ABOUT THIS TASK: Reproduce verbatim only the line that holds "드러난 우유의 명과 암" and the lines that follow it to the end of the listing.

DATA BLOCK:
Start of Block
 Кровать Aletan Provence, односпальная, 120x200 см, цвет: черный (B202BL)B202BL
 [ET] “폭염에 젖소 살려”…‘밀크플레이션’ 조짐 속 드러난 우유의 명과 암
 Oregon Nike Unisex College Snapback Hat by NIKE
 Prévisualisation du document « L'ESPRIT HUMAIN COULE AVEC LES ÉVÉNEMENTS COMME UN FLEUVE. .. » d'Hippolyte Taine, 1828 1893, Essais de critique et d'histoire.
End of Block
SOLUTION:
 [ET] “폭염에 젖소 살려”…‘밀크플레이션’ 조짐 속 드러난 우유의 명과 암
 Oregon Nike Unisex College Snapback Hat by NIKE
 Prévisualisation du document « L'ESPRIT HUMAIN COULE AVEC LES ÉVÉNEMENTS COMME UN FLEUVE. .. » d'Hippolyte Taine, 1828 1893, Essais de critique et d'histoire.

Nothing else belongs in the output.